Write a SPARQL query in "sparql-getSiblings.rq" to retrieve all sibling pairs from the **combined** graph. Your query should only use vocabulary from **one** of the graphs.

In order to complete the task, you need to add suitable mappings (statements) in the "Lab10_OWL_familyrelations.ttl" file. Please add these under "Task 3" in "Lab10_OWL_familyrelations.ttl".

Run the cell below to observe the results you get back.



In [None]:
runSparqlQuery("sparql-getSiblings.rq", model)

#### Task 3: 

Write a SPARQL query in "sparql-getAllMales.rq" to retrieve all persons with the male gender from the **combined** graph. Your query should only use vocabulary from **one** of the graphs.

In order to complete the task, you need to add suitable mappings (statements) in the "Lab10_OWL_familyrelations.ttl" file. Please add these under "Task 2" in "Lab10_OWL_familyrelations.ttl".

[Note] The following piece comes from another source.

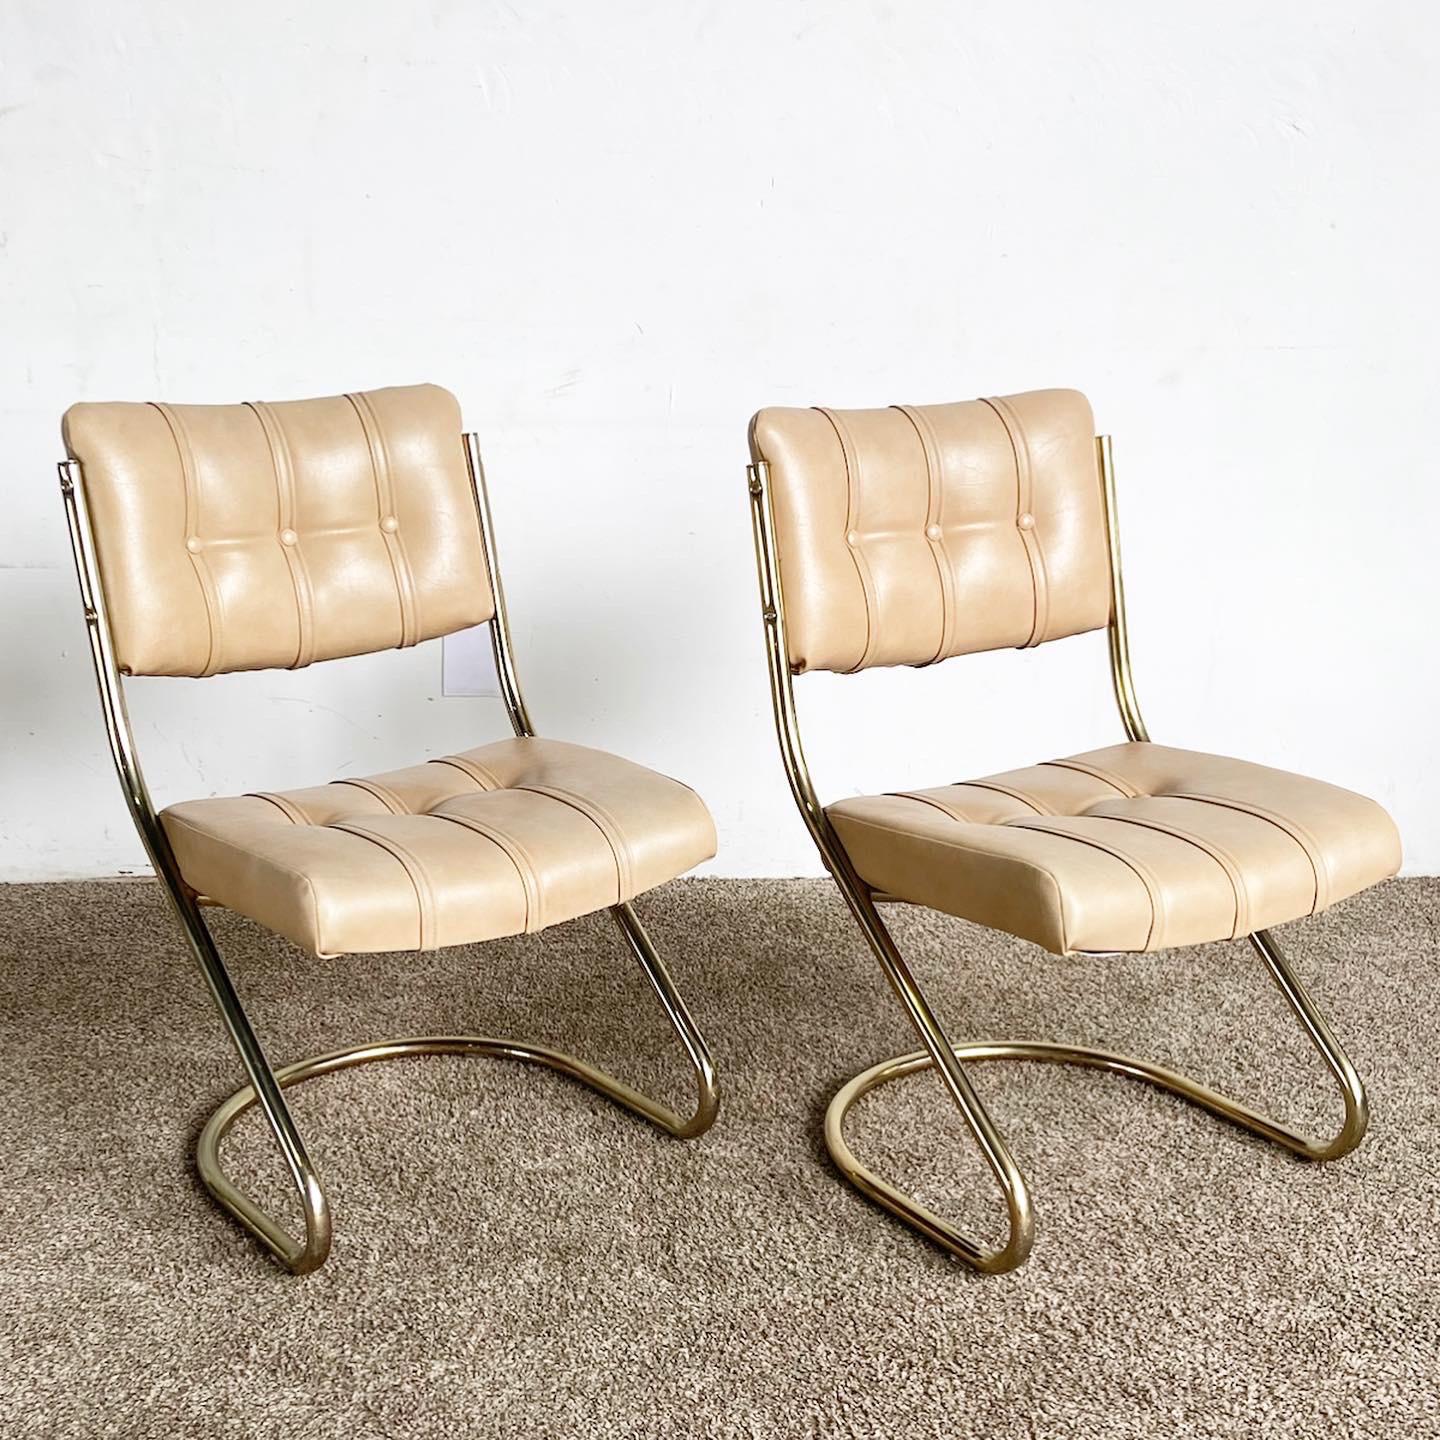 Mid-Century Modern Mid Century Modern Gold and Tan Tufted Cantilever Chairs by Chromcraft - a Pair

Run the cell below to observe the results you get back.

In [None]:
runSparqlQuery("sparql-getAllMales.rq", model)

#### Task 4: 

Write a SPARQL query in "sparql-getParents.rq" to retrieve all persons and their parents from the **combined** graph. Your query should only use vocabulary from **one** of the graphs.

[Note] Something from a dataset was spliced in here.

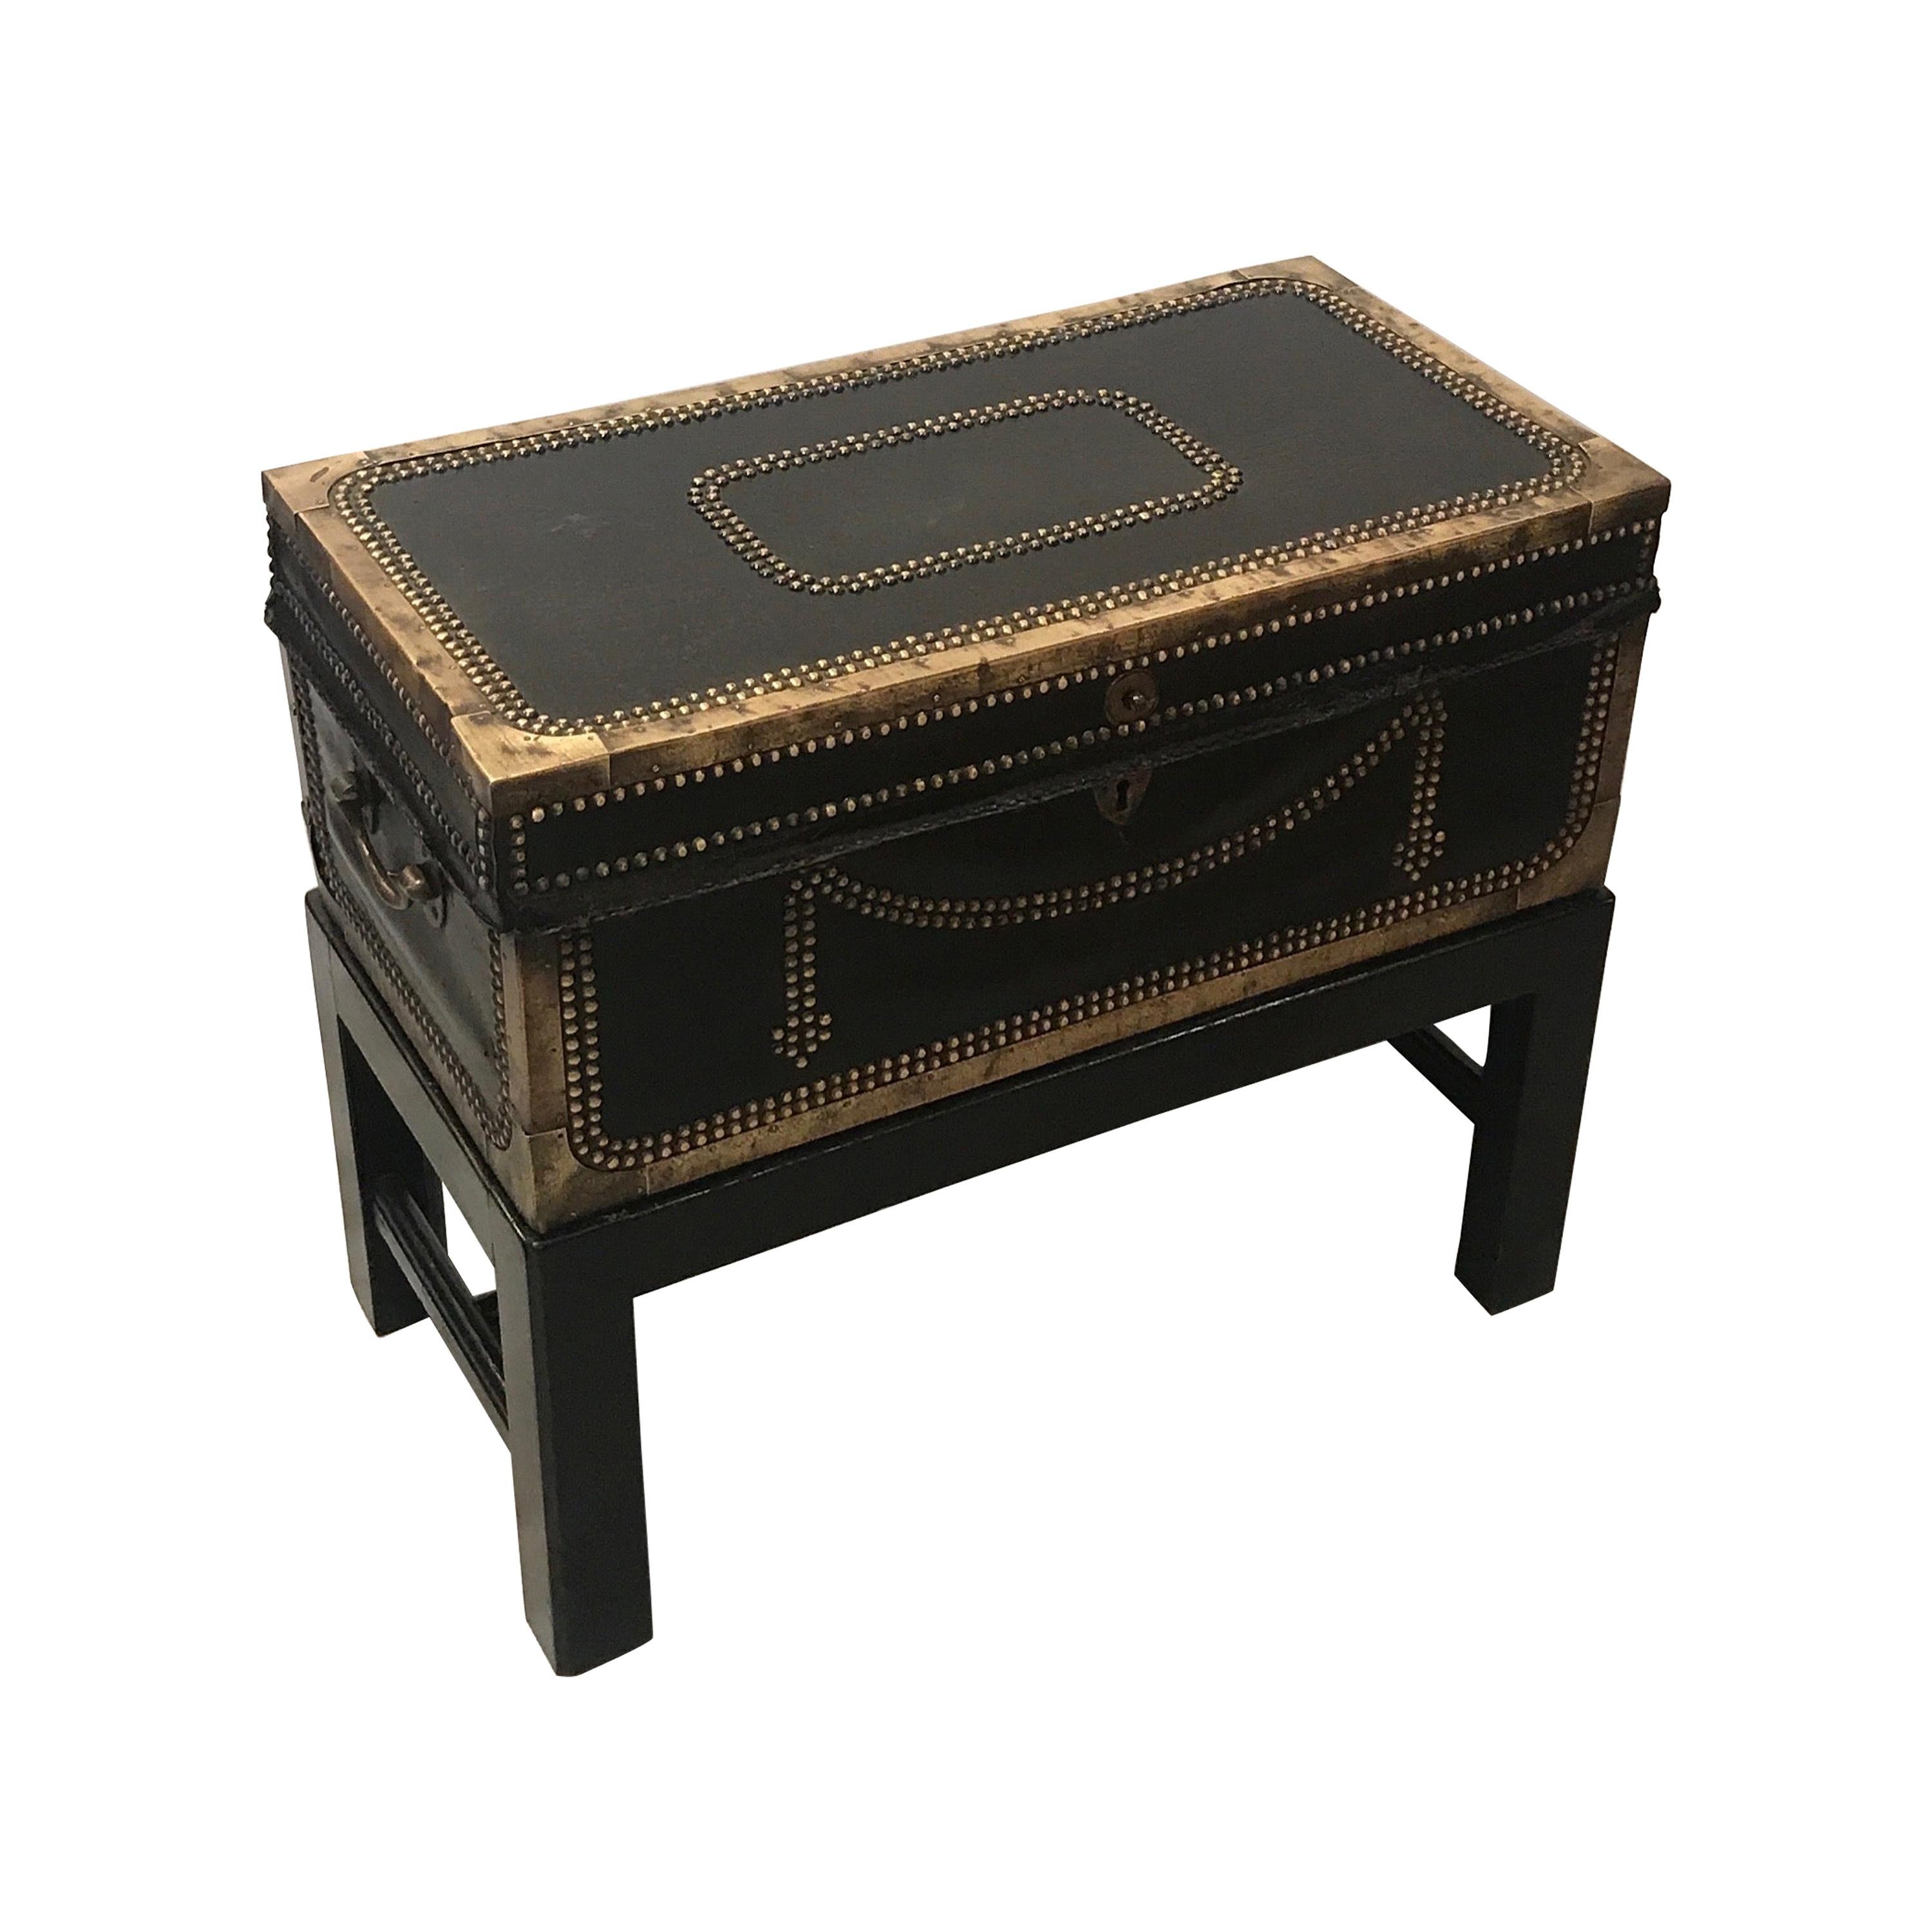 Mid-19th Century Leather and Brass Mounted Box on Stand

In order to complete the task, you need to add suitable mappings (statements) in the "Lab10_OWL_familyrelations.ttl" file. Please add these under "Task 4" in "Lab10_OWL_familyrelations.ttl".

Run the cell below to observe the results you get back.

In [None]:
runSparqlQuery("sparql-getParents.rq", model)

#### Task 5: 

Write a SPARQL query in "sparql-getGivenAndFamilyNames.rq" to retrieve all persons in the **combined** graph and display their first and last names. Your query should only use vocabulary from **one** of the graphs. **Human readable labels for all first and last names should be given for all persons**.

In order to complete the task, you need to add suitable mappings (statements) in the "Lab10_OWL_familyrelations.ttl" file. Please add these under "Task 5" in "Lab10_OWL_familyrelations.ttl".

Run the cell below to observe the results you get back.

In [None]:
runSparqlQuery("sparql-getGivenAndFamilyNames.rq", model)

#### Task 6 (If you don't finish - homework): 

Write a SPARQL query to transform (represent) **all** the statements in "RDF Graph 2" of "Lab10_OWL_familyrelations.ttl" using **only** the vocabulary from "RDF Graph 1".